# Awesome! a solid performer after 20 years!



## lew (Feb 13, 2008)

You lucky dog, you!

How did you manage to get TWO Leigh dove tailing jigs!!

Lew


----------



## teenagewoodworker (Jan 31, 2008)

no i only have one. thats two pictures of the same one. i just studied the newer one thats how i know about it.


----------



## Sawdust2 (Mar 18, 2007)

It looks like we have the same model.
One thing I learned in a course on how to use it was to polish the fingers til they shined like the back of a chisel. Once I did that the jig worked sooo much better.

Lee


----------



## teenagewoodworker (Jan 31, 2008)

wow how do you do that? i cleaned it up a bit when i got it but never thought of polishing it


----------



## mattg (May 6, 2008)

I own a D4R, bought it last year. It is intimidating, but once you have a project like a Highboy, with lots of drawers, it will come 2nd nature. I'm still debating whether I should buy the router bit set for it. All I own now are 3 bits. I want to try some mini dovetails for my next jewelry chest project.

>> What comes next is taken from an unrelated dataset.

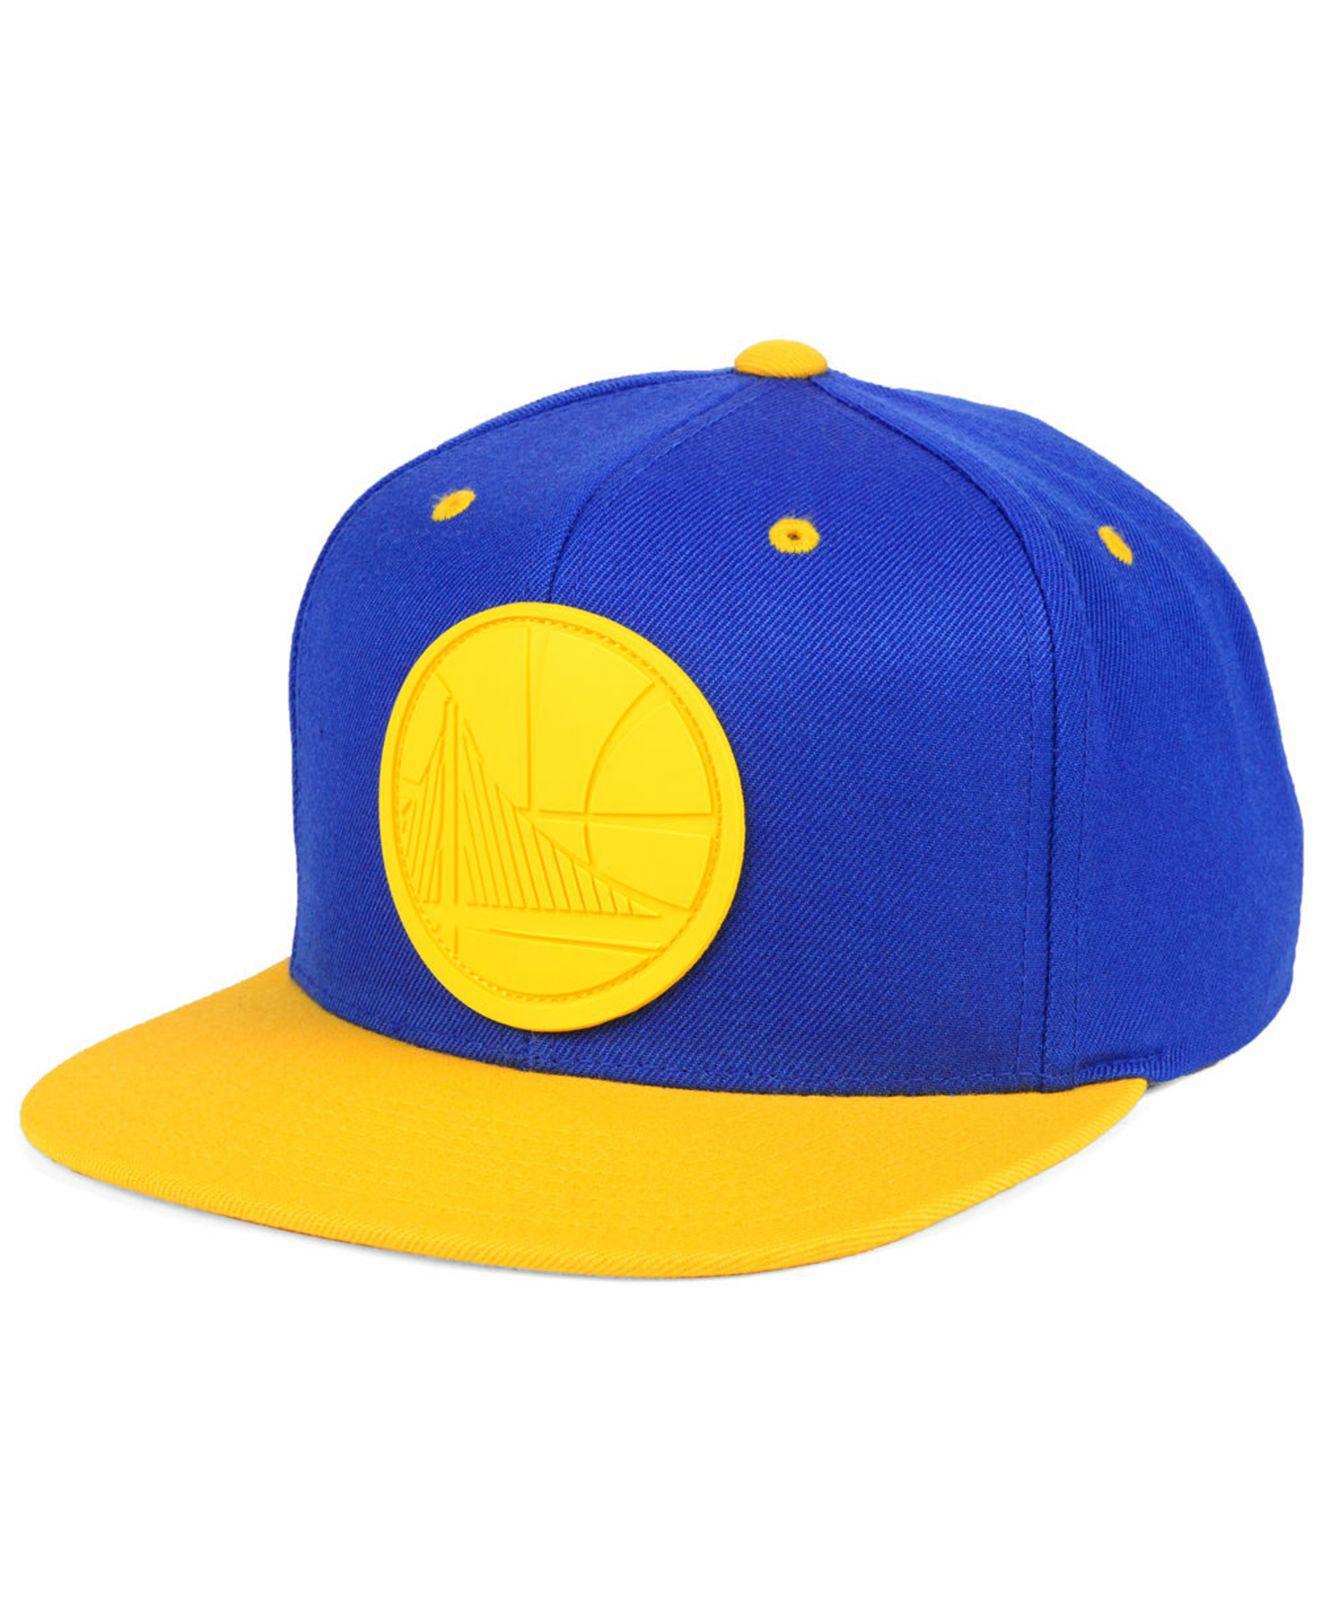 410b1f621c9 Mitchell   Ness. Men s Blue Golden State Warriors Rubber Weld Snapback Cap

I love my jig, if only I could get my P/C 690 concentric, thats gonna be a feat!!


----------



## jcash3 (Dec 15, 2007)

i've got the mini dovetails for it, they do great. that's what i used on the prayer box under my projects. I am interested on how you polish the fingers. I've had mine 3 years and never thought to do that.


----------



## Sawdust2 (Mar 18, 2007)

You know how to polish the back of a chisel until it shines? You keep rubbing it on your wetstone or oilstone until it is mirror smooth.
You do each of the fingers the same. Then you put them on the bar in the order that keeps them most nearly the same size to each other. They should almost look like stainless steel.

Will it improve the end product? Only as much as shining the back of a chisel improves the end product.

Lee


----------



## croessler (Jun 22, 2007)

OK… Were did you manage to find one of these used?


----------



## teenagewoodworker (Jan 31, 2008)

craigslist!


----------